Hi Bjoern,
On 2011-12-05 at 12:42 +0100, Bjoern Michaelsen wrote:
Well, there is a good reason for paths in GNU make to be unix-paths. You define
a rule as:
C:B
true
for target C depending on B. If you use windows native paths something like:
C:B:D
true
is valid and can mean either target C depending on target B:D or target C:B
depending on target D.
So of course, it is not a Windows-only problem; you can very well have a
Unx path containing a ':' too. In a Makefile, you can escape it with
'\', and it works just fine; so if we defined the OUTDIR as C
\:/ugh/blah, we might (TM) be fine.
IIRC there are some heuristics in the DOS/Windows native
version GNU make, but I am not even sure if cypath has those too (and as this
is a cornercase: if they are reliable). Also, it is not only make itself that
has to take care of this, but also the little Perlhelpers etc that fiddle with
this. IMHO, keeping the paths unixy is the safest bet.

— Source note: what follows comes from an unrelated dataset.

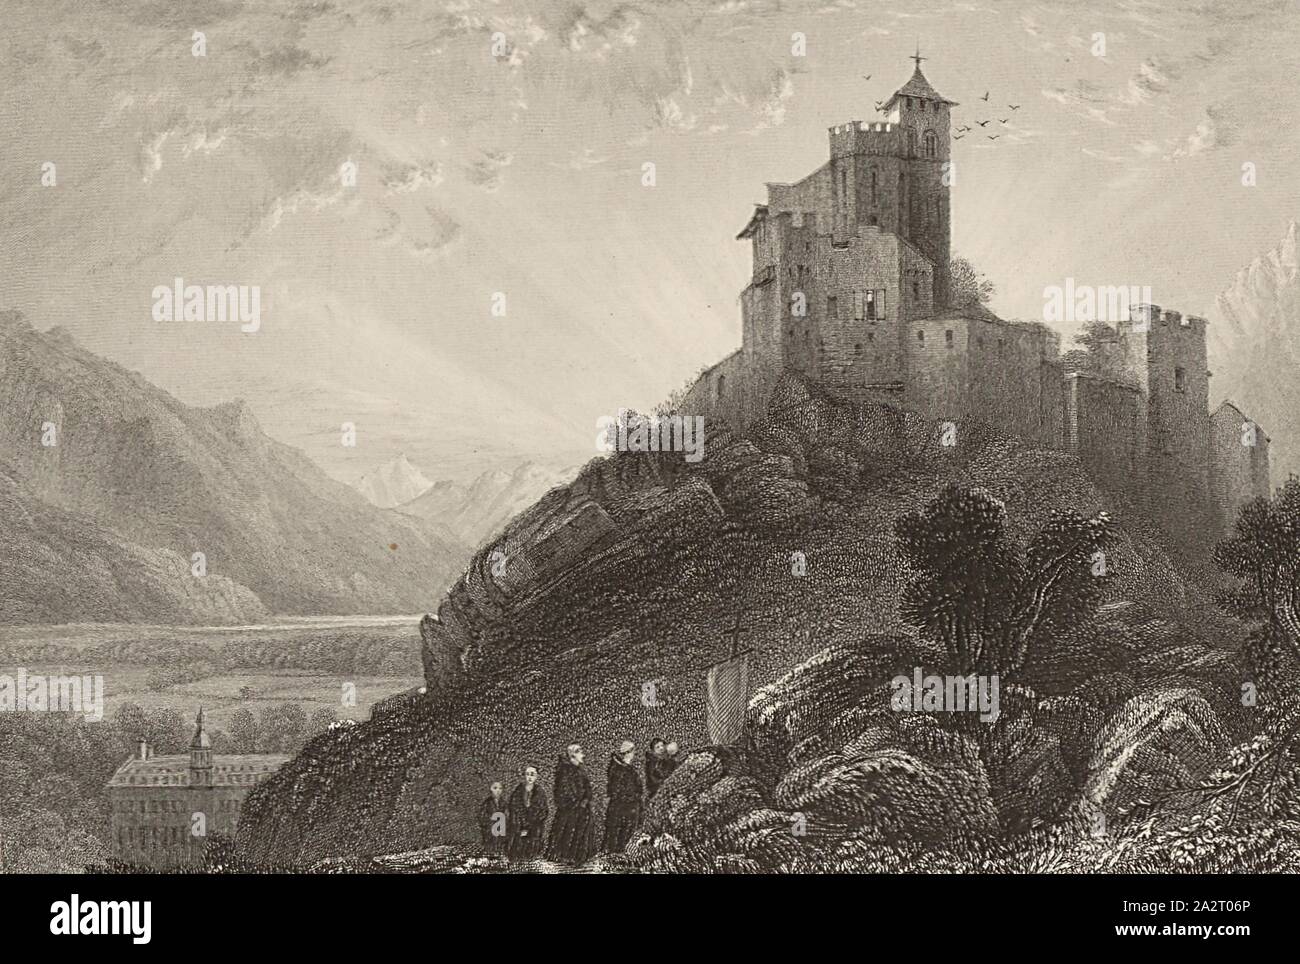 Cathedral of Sion, Valais, View of the castle (or church) Valère in Sion, signed: W.H. Bartlett, T. Creswick, W. Taylor, pl. 22, to p. 50 (vol. 1), Bartlett, William Henry; Creswick T.; Taylor, W., 1835, William Beattie, Switzerland. London: Virtue, 1836 Stock Photo

Well - I'm just aware of the growing amount of
ifeq($(OS),WNT)
something $(shell cygpath -m $(OUTDIR)/ugh)
else
something $(OUTDIR)/ugh
endif
which makes the buildsystem overall ugly ;-) But yeah, I'm not going to
attempt to clean that up short-term, so probably let's let this
gbuild/build.pl unwanted interaction as a warning that this might
potentially bite us at some stage again.